BigInteger euler1 (Integer n) {
    retval = 0
    for (i=0; i<n; i++)
        if (i%3==0 || i%5==0)
            retval += i
    return retval
}

println "${ euler1(1000) }"

The traditional and dynamic subsets of Groovy functionality can be quite disjoint sets - a Java programmer would not even recognize anything in this next example:

// Euler1 in Groovy

def euler1(n) { (0..n).findAll{x -> x%3==0 || x%5==0}.sum() }

print euler1(999) + '\n'

This dual nature of Groovy - that it can't decide if it is Java or Ruby - confounds me. The language has the feel of, well, Windows 8, with its dual interfaces written to support both servers and tablets. It has a design smell. Still, Groovy is actually quite fun, and this code took me no time at all to write. And it is very elegantly concise code.

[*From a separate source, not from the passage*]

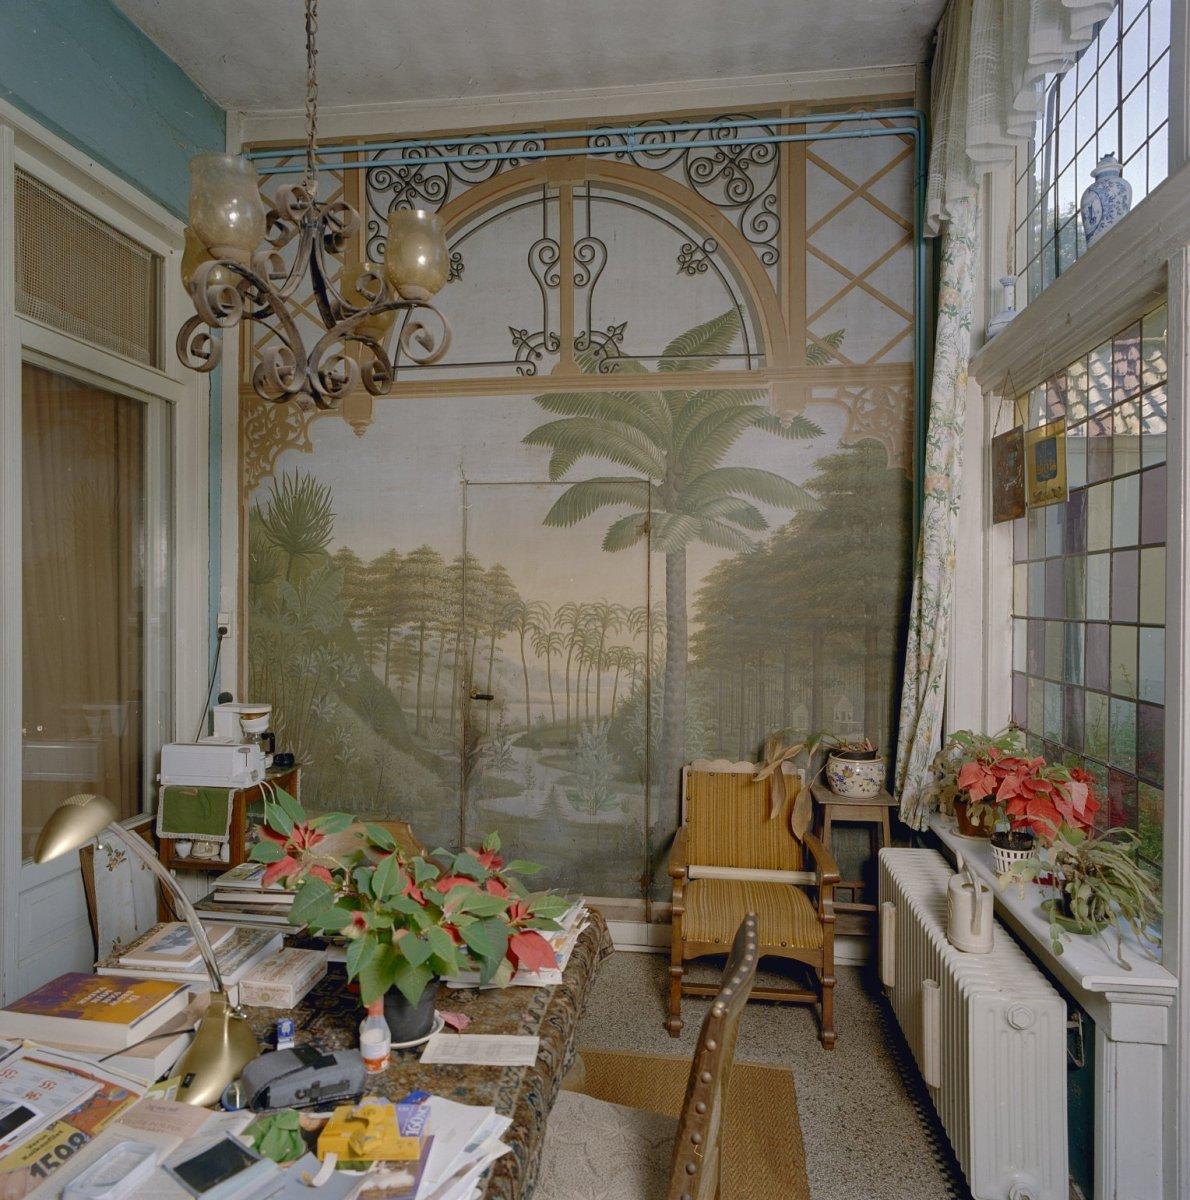 File:Interieur, serre met beschilderde wandbespanning - Vught ...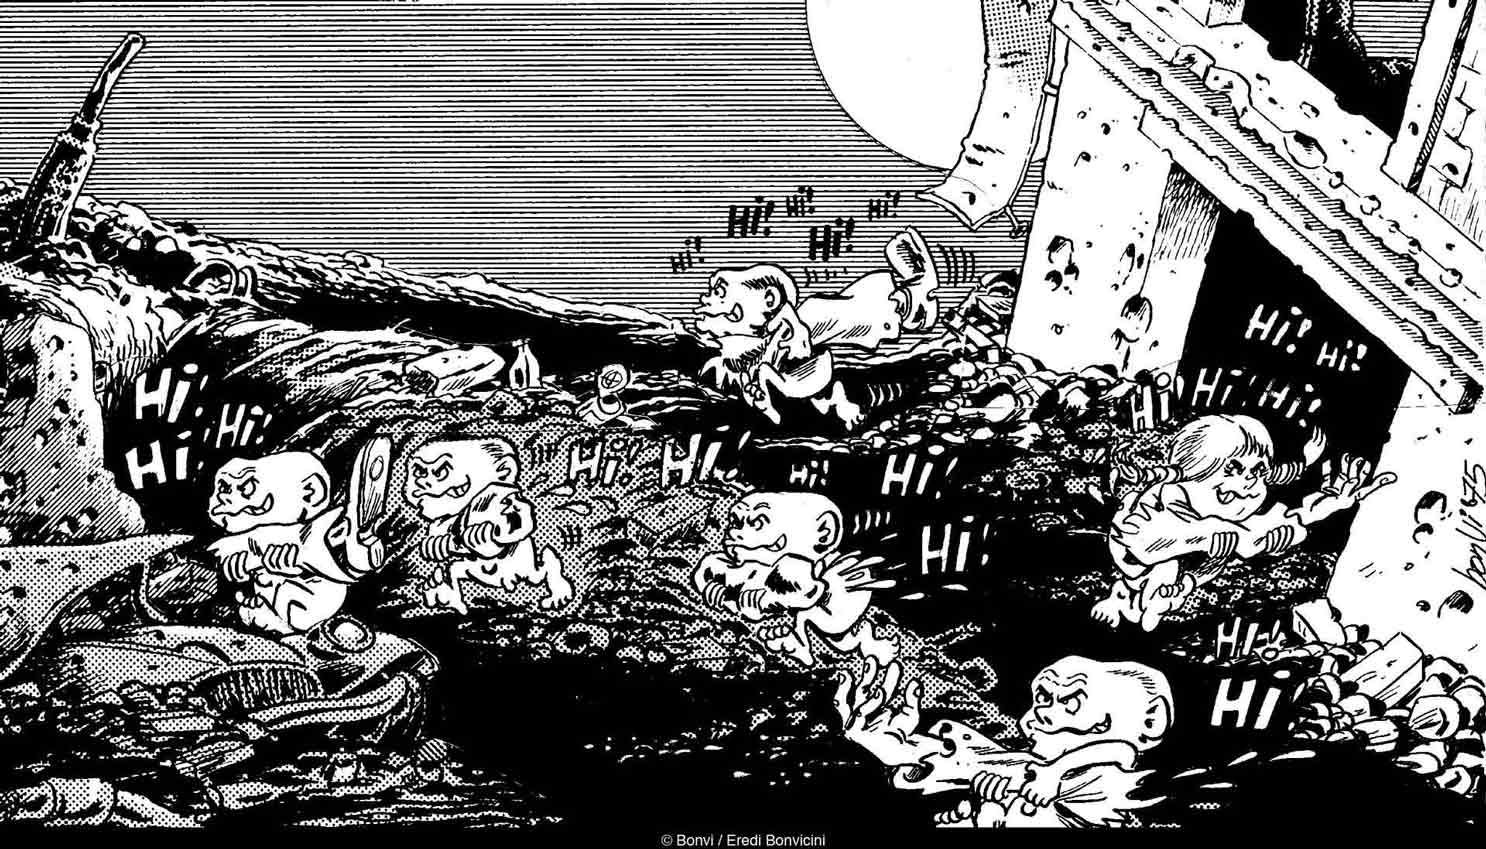 CRONACHE DEL DOPOBOMBA LO SCENARIO È QUELLO DEL FALLOUT NUCLEARE, IL MONDO È ABITATO DA MUTANTI CHE LOTTANO SPIETATAMENTE PER LA SEMPLICE SOPRAVVIVENZA.

Now let's try a tail-recursive version:

// DOES NOT WORK - JVM doesn't support tail recursion

def euler1
euler1 = { Integer n, BigInteger acc=1 ->
    if (n == 1) return acc

    if (n%3==0 || n%5==0)
        return euler1(n-1, acc+n)
    else
        return euler1(n-1, acc)
}

print euler1(999) + '\n'

D'Oh! Groovy, Y U No Work?

$ groovy euler1.grv
Caught: java.lang.StackOverflowError
 at euler1$_run_closure1.doCall(euler1.grv:11)
 at euler1$_run_closure1.doCall(euler1.grv:9) . . . 

Actually, it's not Groovy's fault - blame the JVM. Stack Overflow has this explanation... I tried both proposed solutions on this page but neither work with my version, 1.5, sigh...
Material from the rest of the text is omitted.